## The problem
Apart from the pictures, the listing is to be returned exactly.

## Information supplied
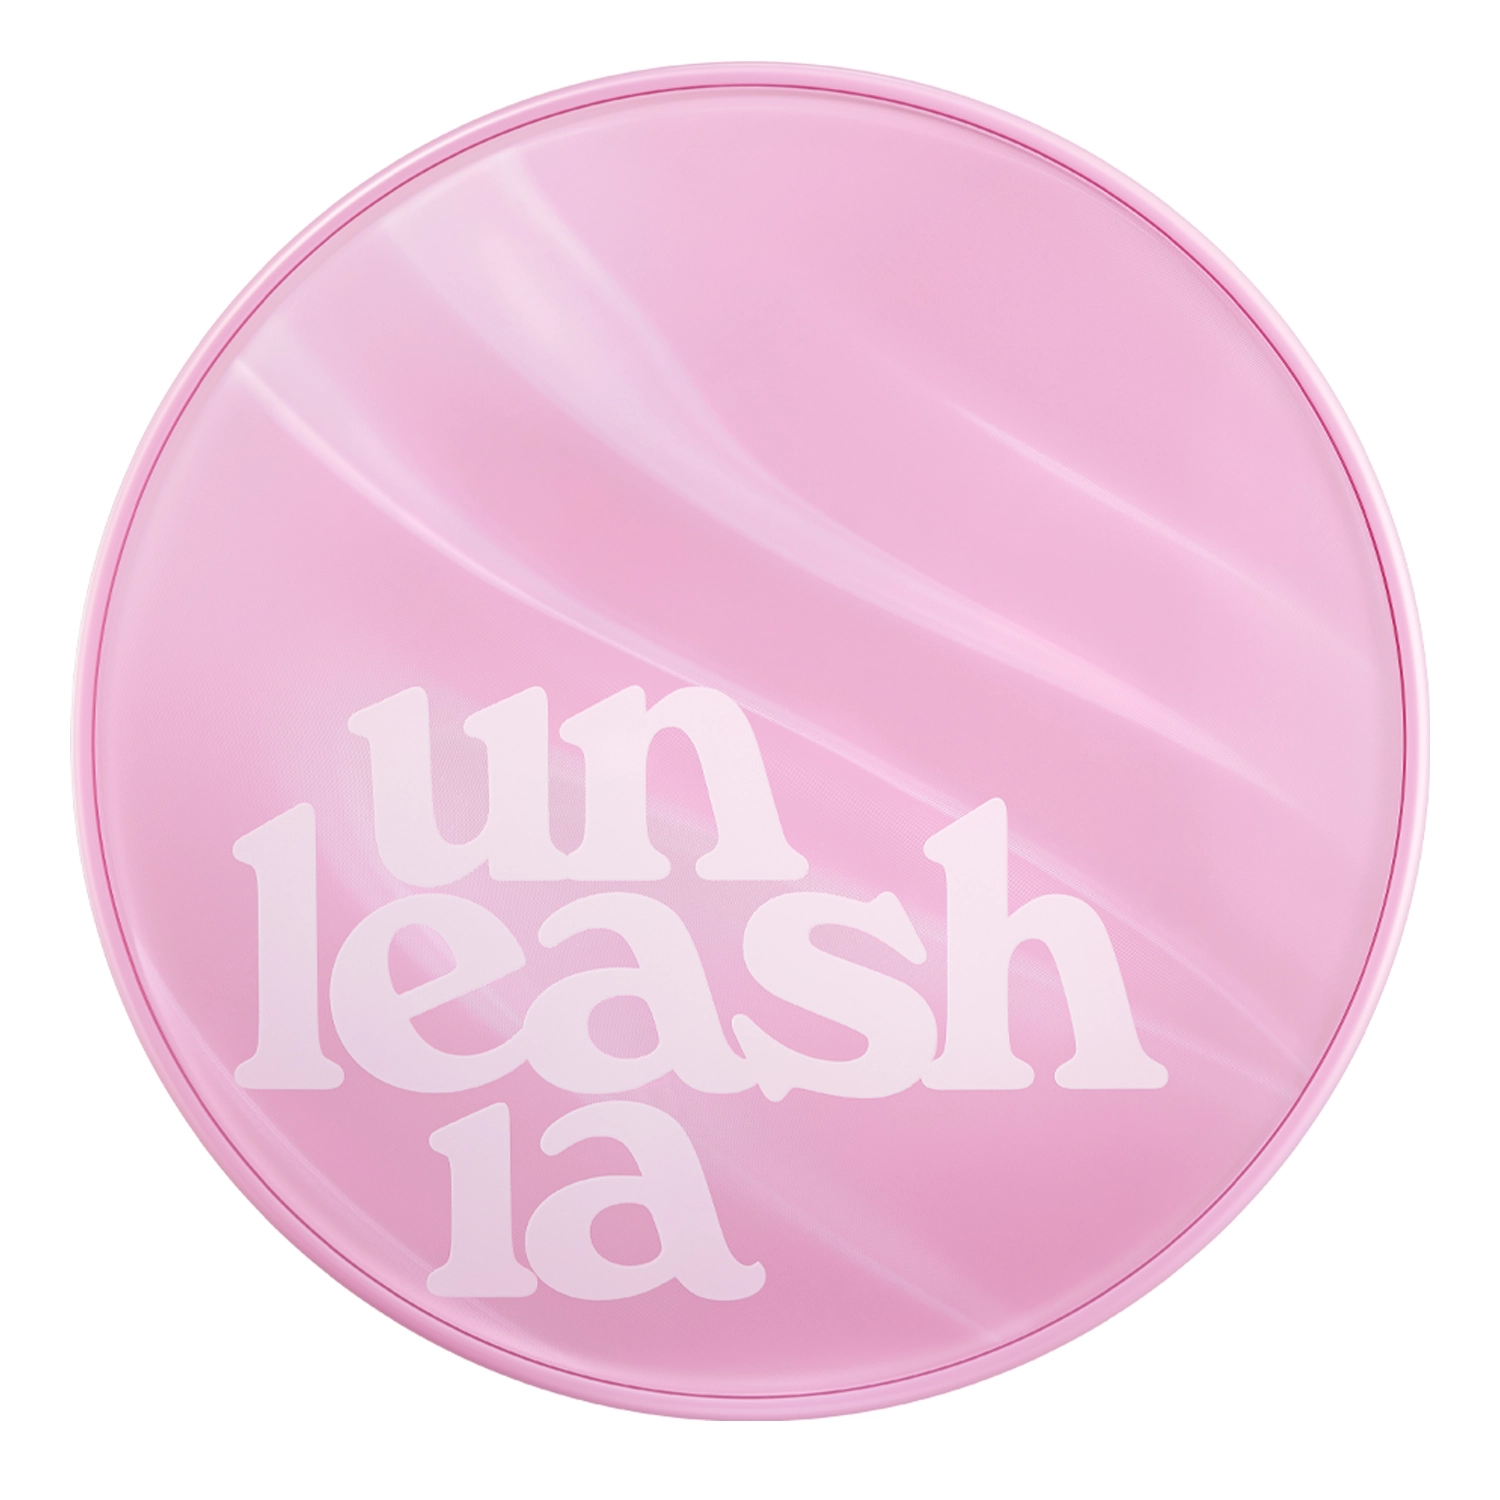 Unleashia - Don't Touch Glass Pink Cushion SPF50+ PA++++ - Fond de ten Cushion - #25N Molten - 15g
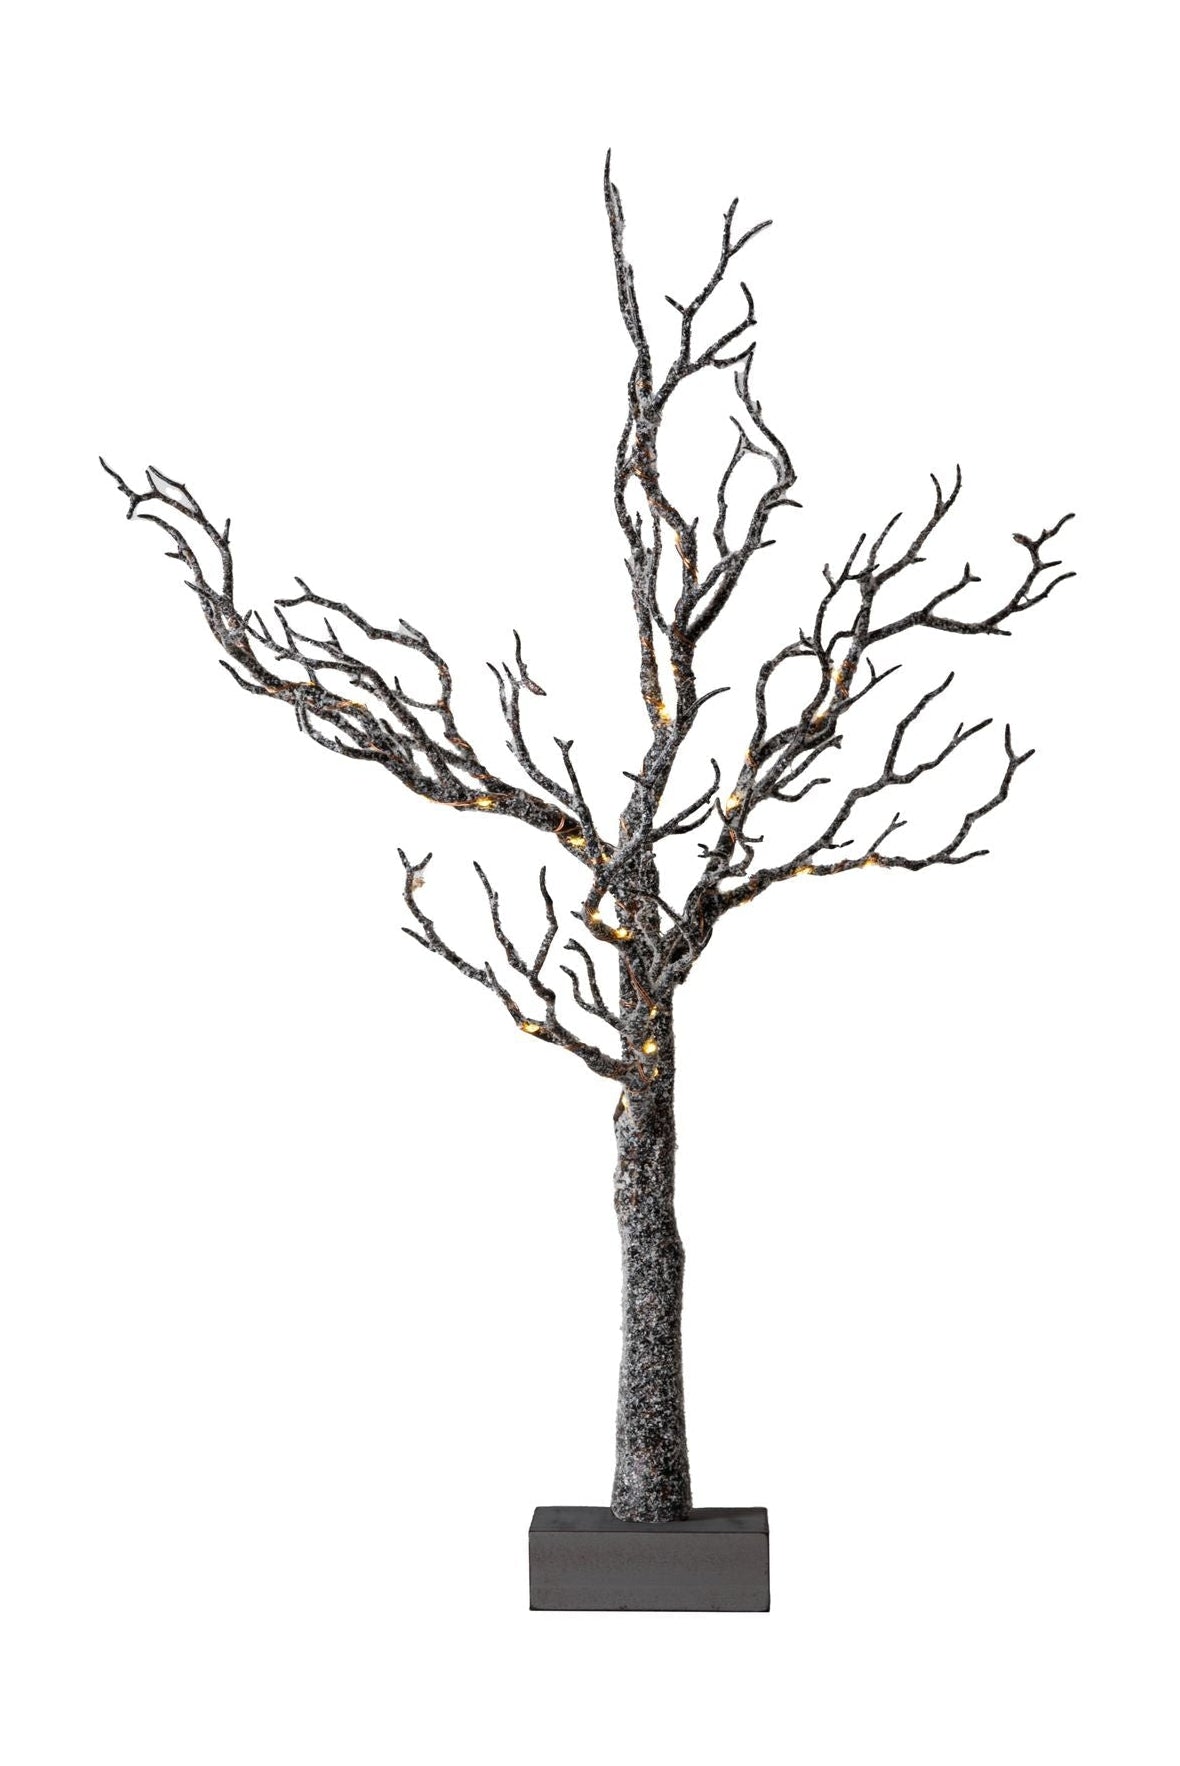 Sirius Tora Tree 0,6m, brun / neige
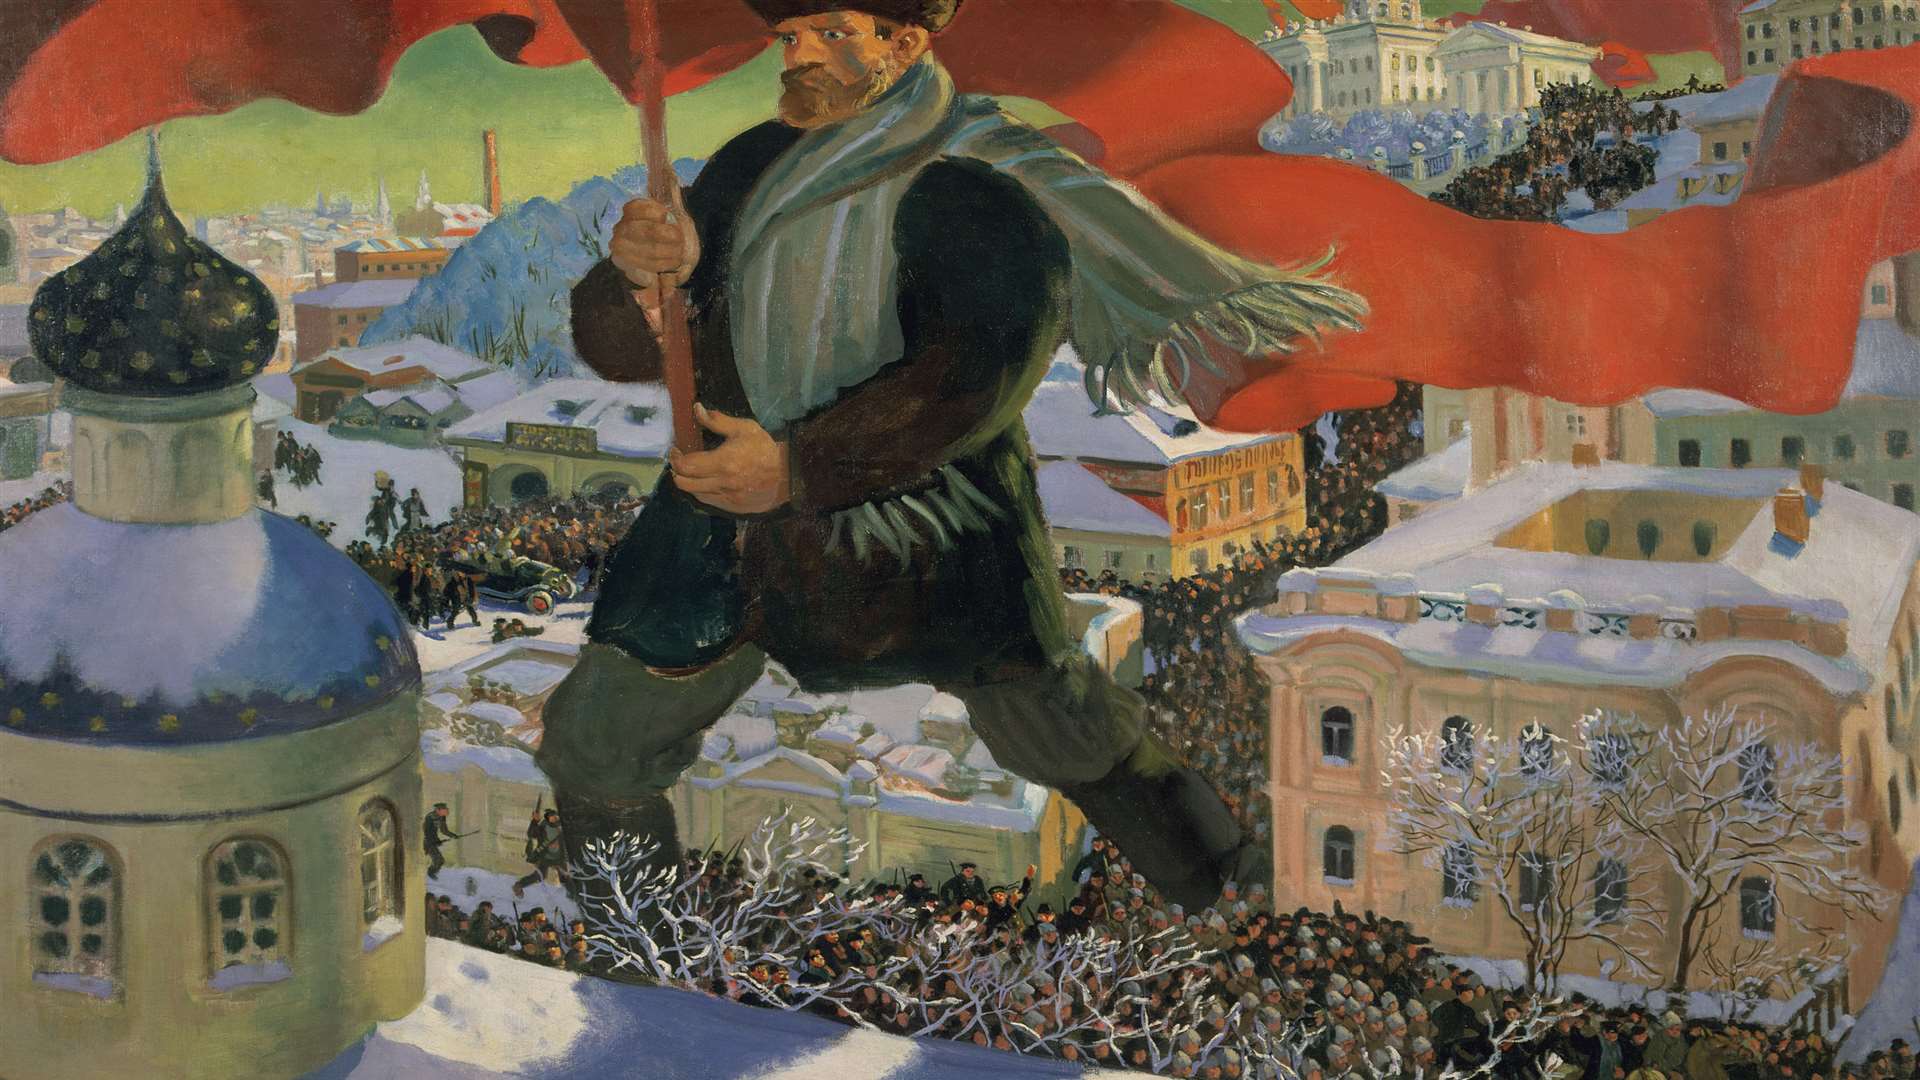 Bolshevik (1920) by Boris Mikailovich Kustodiev. Supplied by State Tretyakov Gallery

## Solution to the exercise
 Unleashia - Don't Touch Glass Pink Cushion SPF50+ PA++++ - Fond de ten Cushion - #25N Molten - 15g
 Sirius Tora Tree 0,6m, brun / neige
 Bolshevik (1920) by Boris Mikailovich Kustodiev. Supplied by State Tretyakov Gallery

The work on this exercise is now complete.